Cluster configurations in Li isotopes in the variation of multi-bases of the antisymmetrized molecular dynamics

TL;DR

This paper explores the cluster configurations in lithium isotopes using antisymmetrized molecular dynamics, revealing various cluster states, including predicted linear-chain states in $^9$Li, and reproducing observed spectra.

Contribution

It introduces a method to determine multiple cluster configurations in Li isotopes through multi-Slater determinants in antisymmetrized molecular dynamics, including predictions of new excited states.

Findings

Confirmation of various cluster configurations in Li isotopes.
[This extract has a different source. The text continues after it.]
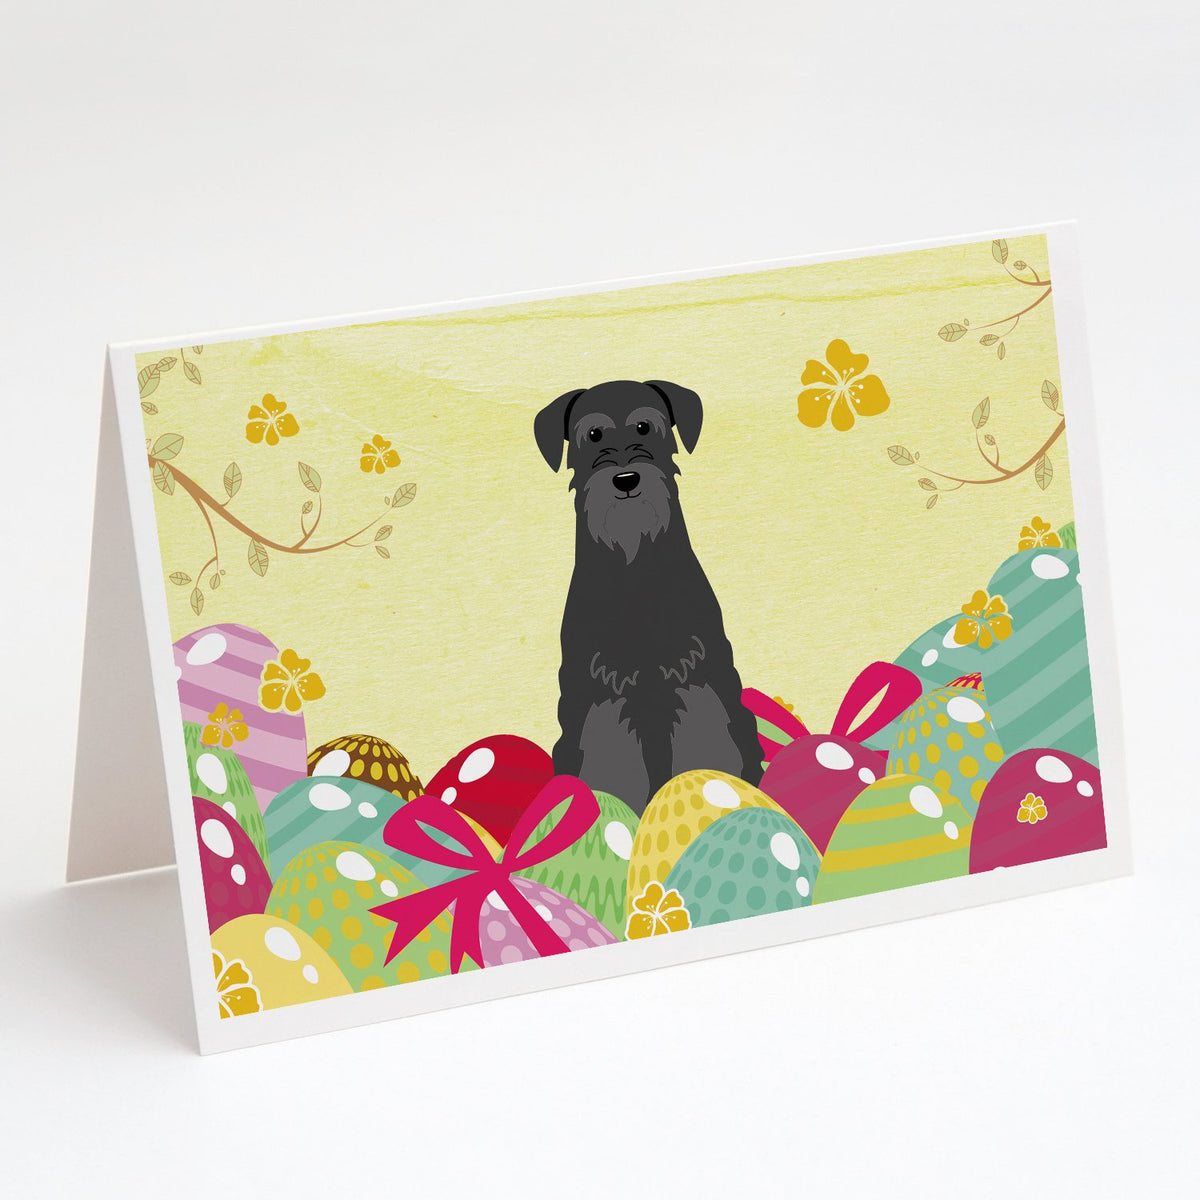 Buy this Easter Eggs Standard Schnauzer Black Greeting Cards and Envelopes Pack of 8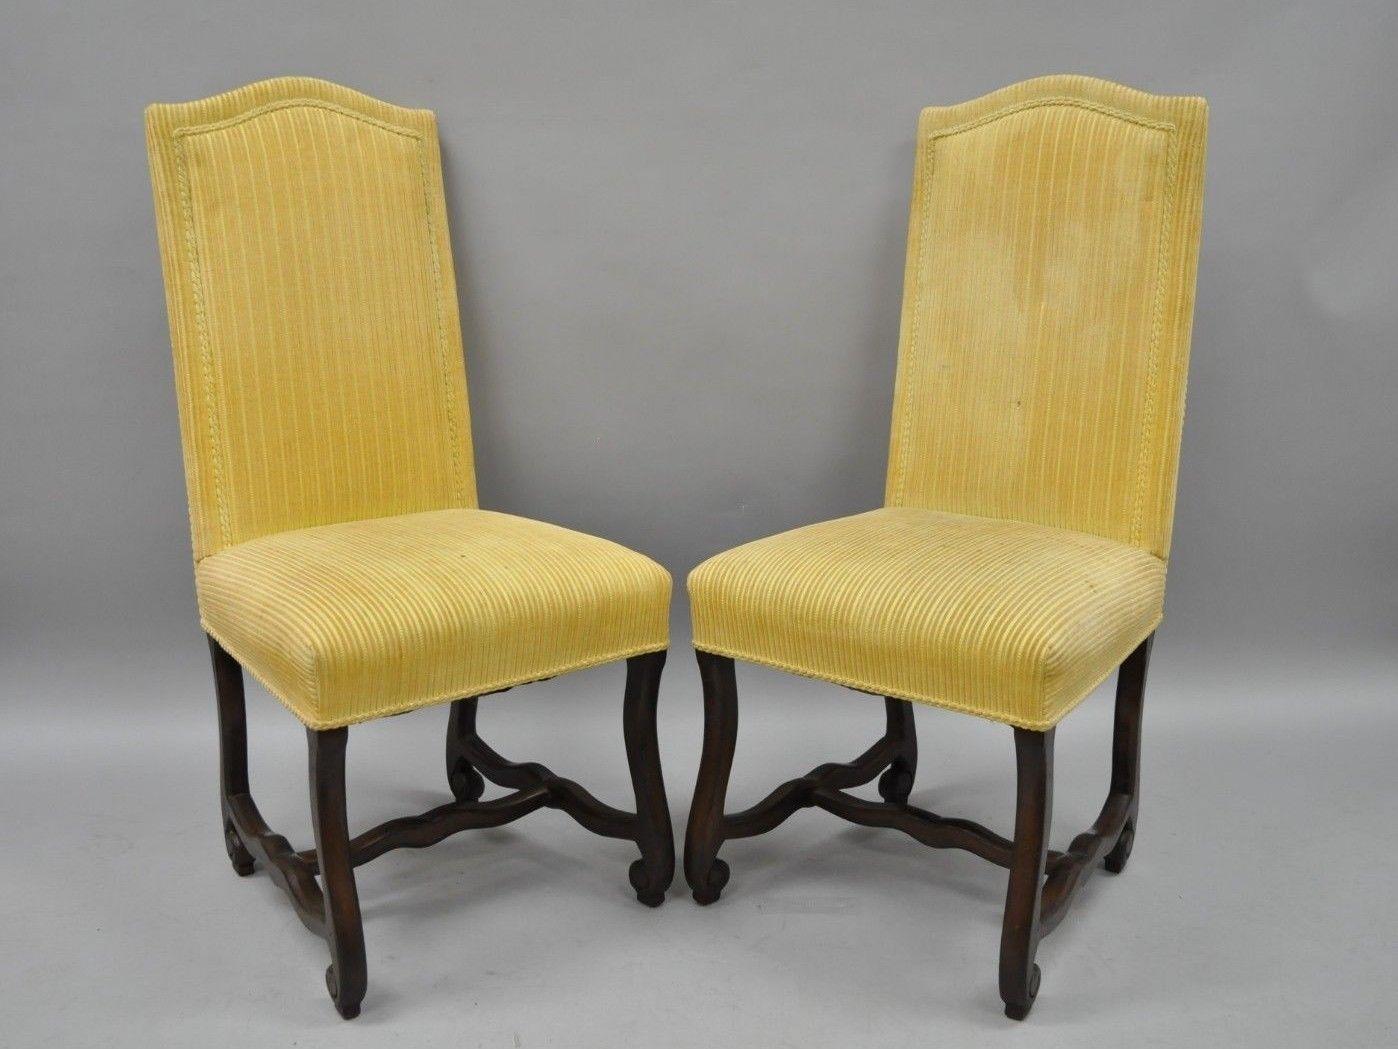 Set of ten vintage walnut Os De Mouton Louis XIV French style upholstered dining side chairs. Listing includes 10 armless chairs, solid carved wood frames, distressed finish, scrolling legs and stretcher support, fully upholstered seats and backs,

Prediction of $^3$He+$d$ clustering in excited $^5$Li.

Identification of linear-chain states in $^9$Li at 10-13 MeV.

Abstract

We investigate the cluster configurations in Li isotopes, which are described in the optimization of the multi-Slater determinants of the antisymmetrized molecular dynamics. Each Slater determinant in the superposition is determined simultaneously in the variation of the total energy. The configurations of the excited states are obtained by imposing the orthogonal condition to the ground-state configurations. In Li isotopes, various cluster configurations are confirmed and are related to the thresholds of the corresponding cluster emissions. For $^5$Li, we predict the $^3$He+$d$ clustering in the excited state as well as the mirror state of $^5$He with $^3$H+$d$. For $^{6-9}$Li, various combinations of the clusters are obtained in the ground and excited states, and the superposition of these basis states reproduces the observed energy spectra. For $^9$Li, we predict the linear-chain states consisting of various cluster configurations at 10--13 MeV of the excitation energy.